Chalk one up for the Second Amendment and pass the ammo! It’s time to celebrate. Well, that may be a bit of an overstatement, but the pro Second Amendment supporters can claim another victory. For the most part, I try to wish others success. I respect differences in opinion. While I actively oppose differing points of view and personally revel in my own victories, I try not to gloat over the defeat of others—most of the time. This is not one of those times.
I would like to say the latest victory is the result of Americans and politicians finally waking up and realizing that legal gun owners are not the problem. However, that simply isn’t the case. Instead, we have an unlikely person to thank for the measure’s demise, President Obama.
As the measure rolled out, it was quickly compared to Obama’s efforts to institute mandatory health care, and proved to be a death nail in the plan. Unfortunately, too many Americans do not understand the protections that are only made possible though the Second Amendment, but they know what a disaster government mandated insurance can lead to.
The insurance industry also opposed the move. As it turns out, the insurance industry has more interest in avoiding claims tied to policyholders than the potential revenue premiums could generate. So, for now, we can chalk up a win for the pro Second Amendment crowd and raise a glass to salute another failure from those seek to strip our Constitutional rights.

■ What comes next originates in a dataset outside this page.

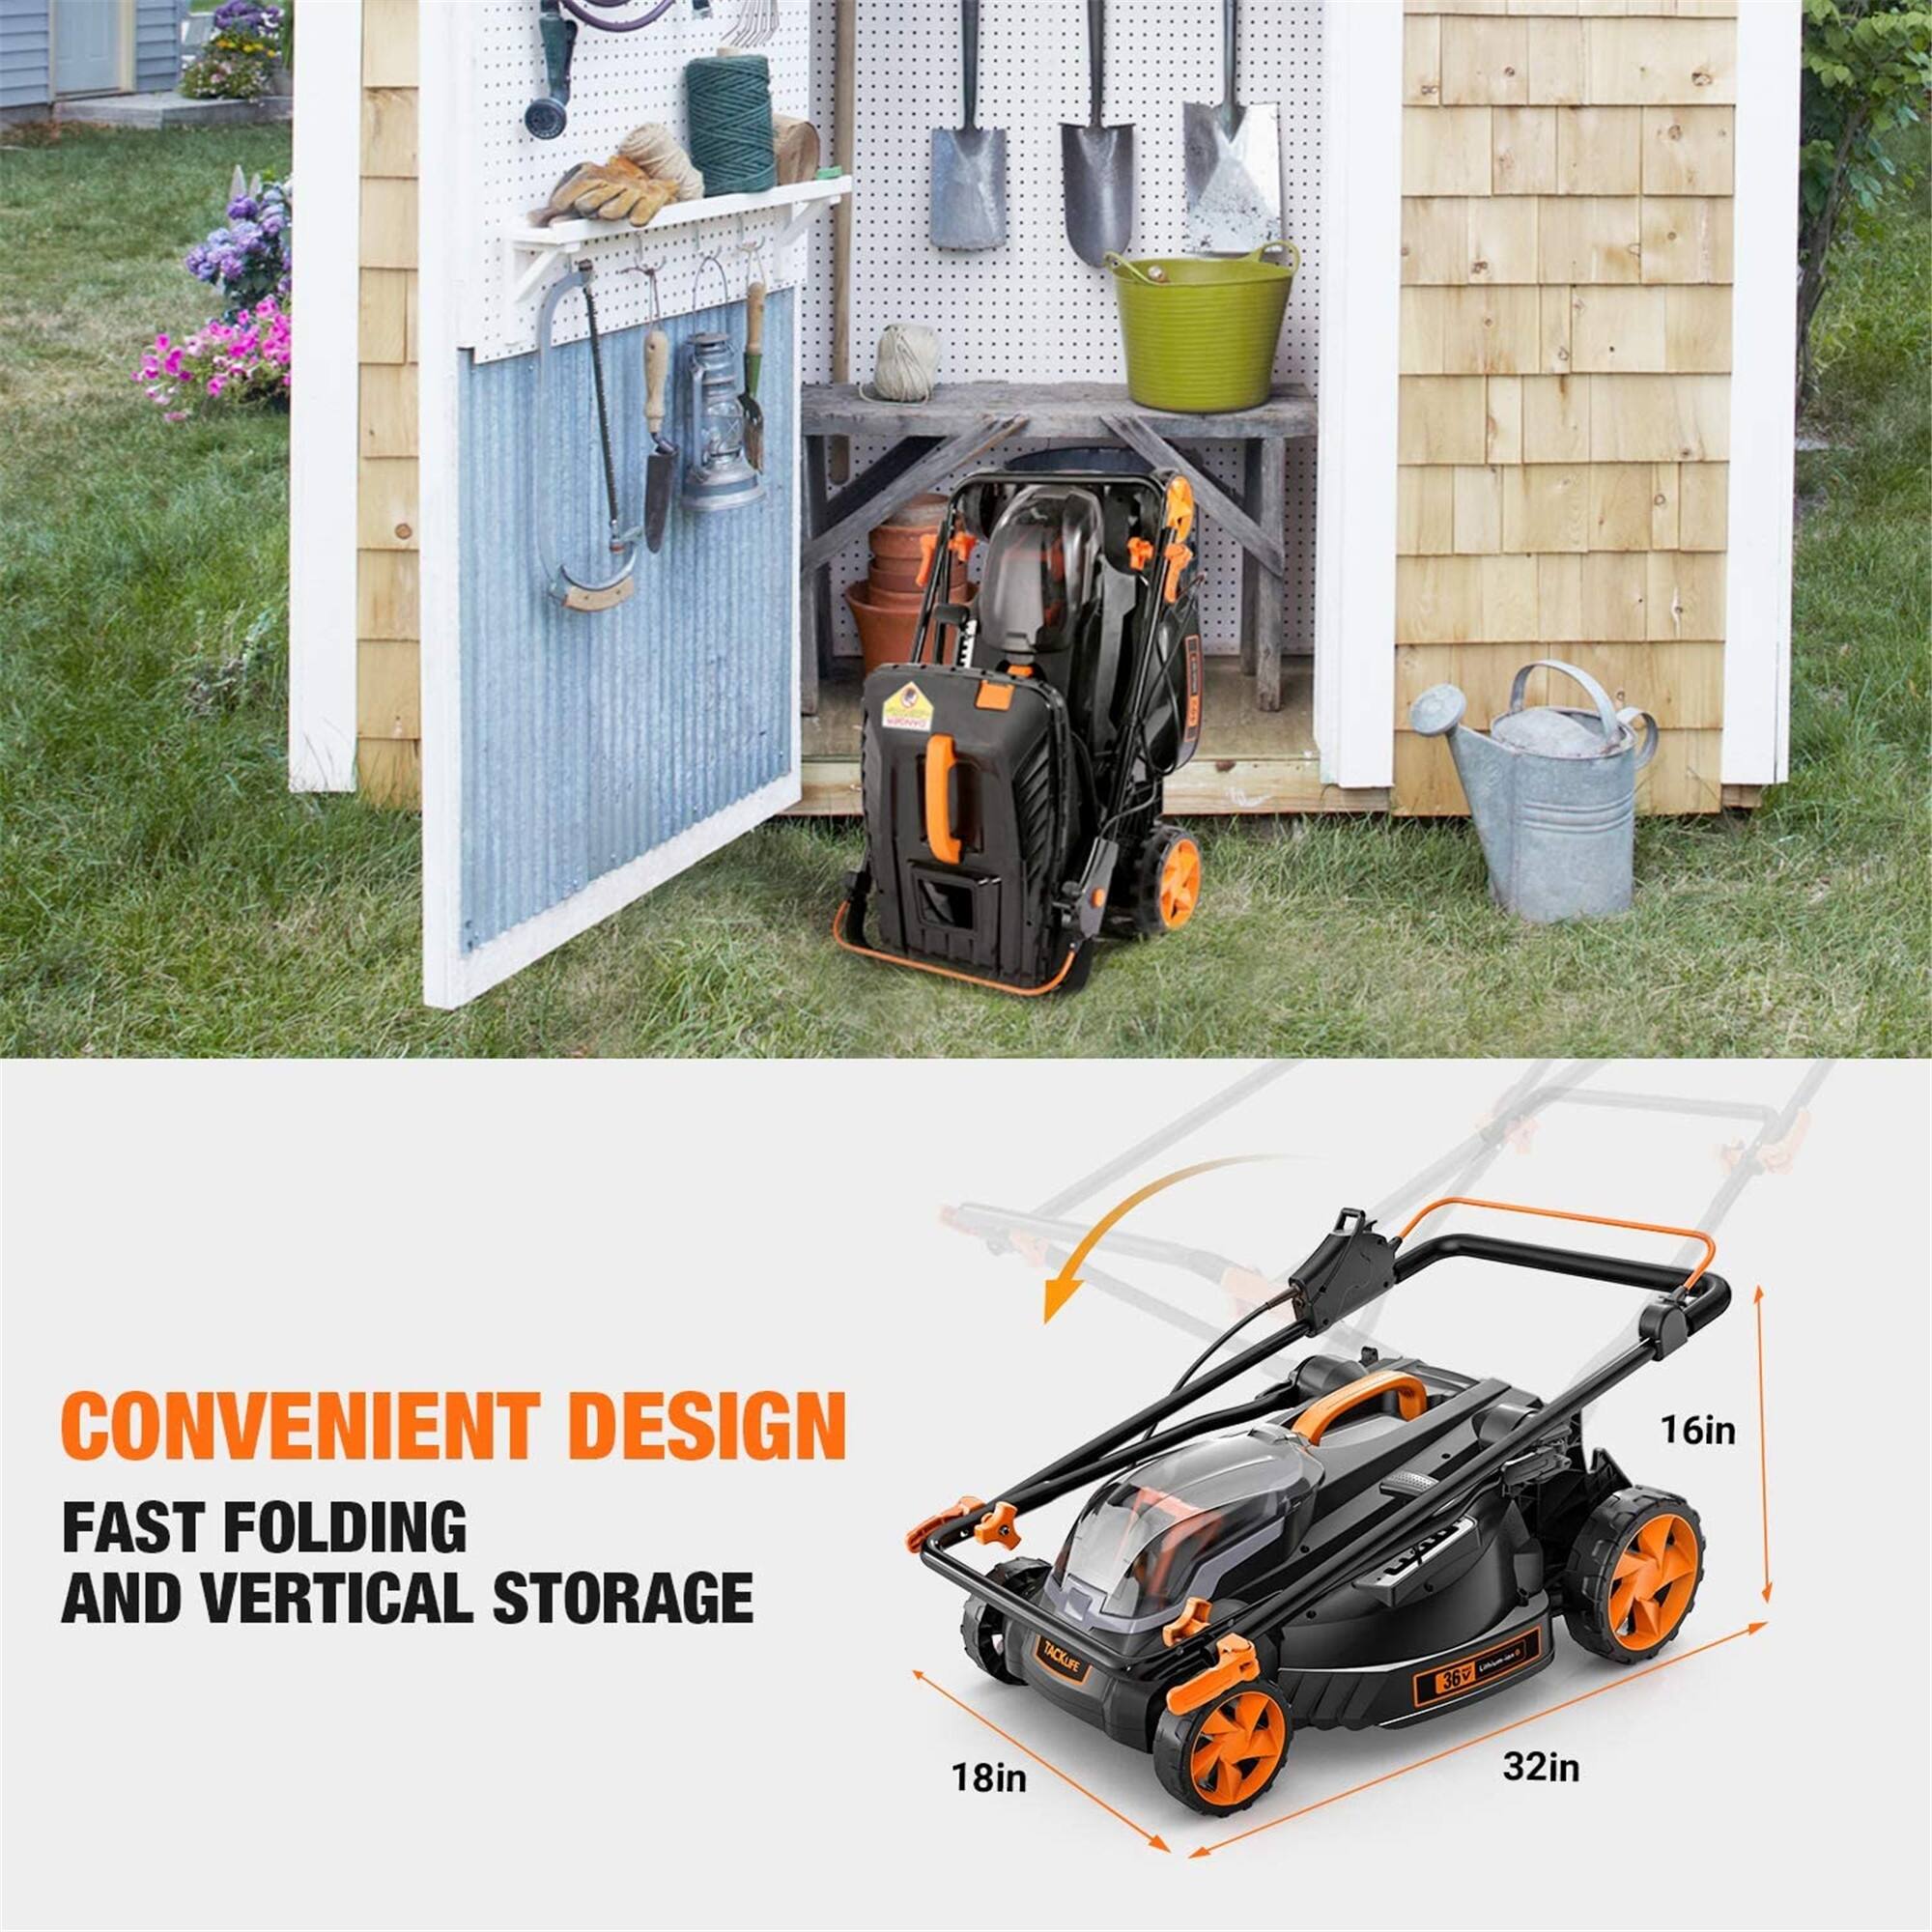 Cordless Lawn Mower, 16-Inch 40V Brushless Lawn Mower, 4.0Ah Battery, 98%  Clean Cutting Rate, 10.5Gal Grass Box - Bed Bath & Beyond - 33448728

Here are a few examples of purposed laws and the lawmakers on both sides of the issue.
The Market-Based Approach?
U.S. Representative Carolyn Maloney (D-NY) introduced a bill in March that would prohibit the sale of firearms to uninsured people. She called her proposal a “market-based approach” by likening it to auto insurance, which is required by states—and more costly for those deemed by underwriters to pose the greatest risk. I would hate to think what criteria they would use to assess a higher risk. Somehow, I do not think it would be mental health. Maloney’s proposal hasn’t been brought for a vote by the House of Representatives, but signals the importance of the next midterm election.
Michael Bost, a Republican state legislator from southern Illinois, opposed the insurance bill and said supporters of the mandate from Chicago were mistakenly blaming the city’s violence on guns, rather than criminals. When asked about parallels between the firearms proposal and Obama’s health policies, Bost said both are “too much government in my life.”
Florida State Representative Matt Gaetz, a Republican, introduced a bill this month that would prohibit insurers from underwriting a policy or refusing to provide coverage based on an applicant’s ownership of a legal firearm.
In California, an effort to mandate insurance faltered while other restrictions advanced, including a bill signed last month by Governor Jerry Brown that places tighter limits on gun storage.
Lawmakers in Illinois voted down a mandatory insurance measure by a margin of more than 2-to-1. The measure would have required $1 million of insurance. Similar proposals were excluded from gun-control bills that passed in California and Connecticut.
Maryland State Senator Jamie Raskin, a Democrat, said he withdrew his firearms-liability bill because of a lack of support and perhaps made the most telling statement, “It’s likely this won’t come back again until, God forbid, the next huge round of spectacular gun violence and we summon the momentum to act again,” Raskin said.
Translation… They are readying themselves to pounce on the next tragedy in an effort to exploit it to advance their political agenda.
The writing is on the wall. We have the victory today, but without your grass roots efforts and the continued support of organizations such as the National Rifle Association, Second Amendment Foundation and others we won’t be celebrating for long.